Dr Goscé explained: "Higher rates [of influenza-like cases] can be observed in boroughs served by a small number of underground lines: passengers starting their journey in these boroughs usually have to change lines once or more in crowded junctions such as King's Cross in order to reach their final destination.
"On the other hand, lower influenza-like rates are found in boroughs where either the population do not use public transport as the main form of transport to commute to work; or boroughs served by more underground lines, which guarantee faster trips with less stops and contacts with fewer people."

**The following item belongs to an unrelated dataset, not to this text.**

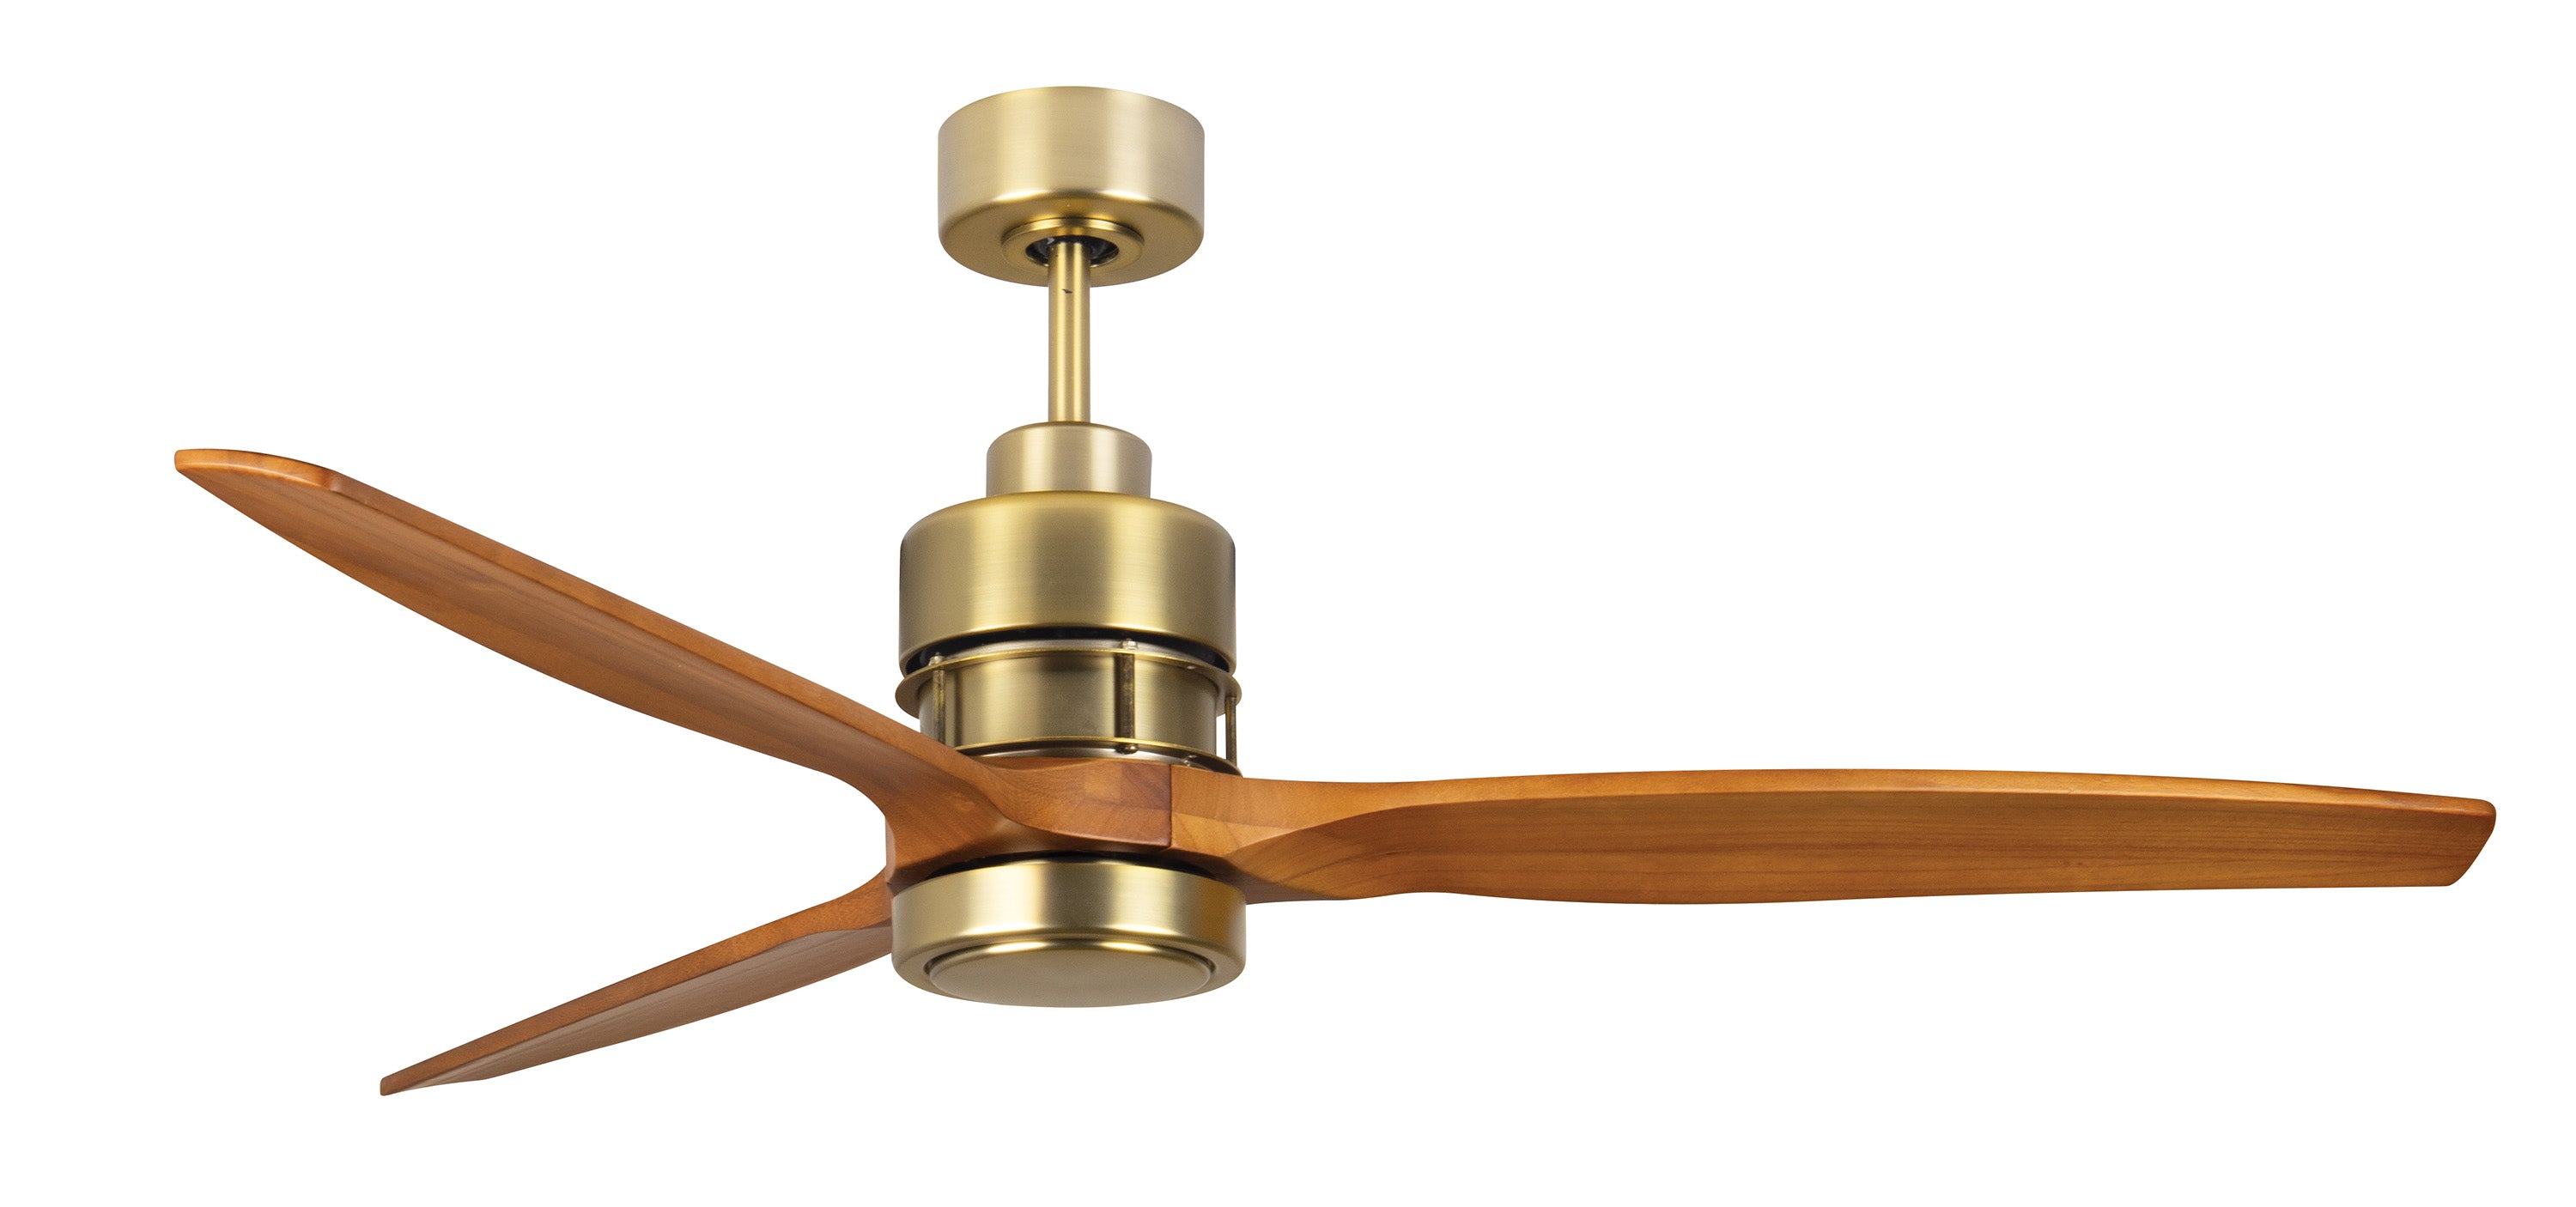 Sonnet Brass Ceiling Fan Lighting Connection Lighting Connection

For instance, one finding highlighted that infection rates in residents of Islington, who often change lines at crowded Kings Cross St. Pancreas, were nearly three times higher than in commuters from Kensington, who mostly take direct trains.
The team hopes that their findings will inform Government epidemic policies. Dr Goscé said: "Policy makers, in particular, should address the role potentially played by public transport and crowded events and avoid encouraging the attendance of such environments during epidemics."
Looking to the future, the group want to draw a clearer map of the spread of cold-like infections in a metropolitan environment, and so plan to combine individual level infection data with existing studies from households and schools.
Dr Goscé said: "These results are preliminary following limitations of the dataset. Empirical studies. Empirical studies combining aero-biology and pedestrian modelling would be important in improving model fidelity and devising non-pharmaceutical control strategies tackling threshold densities to minimise numbers of infections and optimal ventilation in different crowded environments."
While I know some people who believe they'll simply hunker down at home during a pandemic in order to avoid exposure, it's neither practical or desirable to simply shut everything down and try to wait out what could be a year (or longer) event.
Very few are equipped to do so, and besides, someone has to keep the lights on, deliver the food, refine the fuel, police the streets, take care of the sick and injured . . . and do the thousands of other things that hold society together.Like it or not, we'll have to find ways to live and work as safely as possible during a pandemic. Else infection with the virus could quickly become the least of our problems.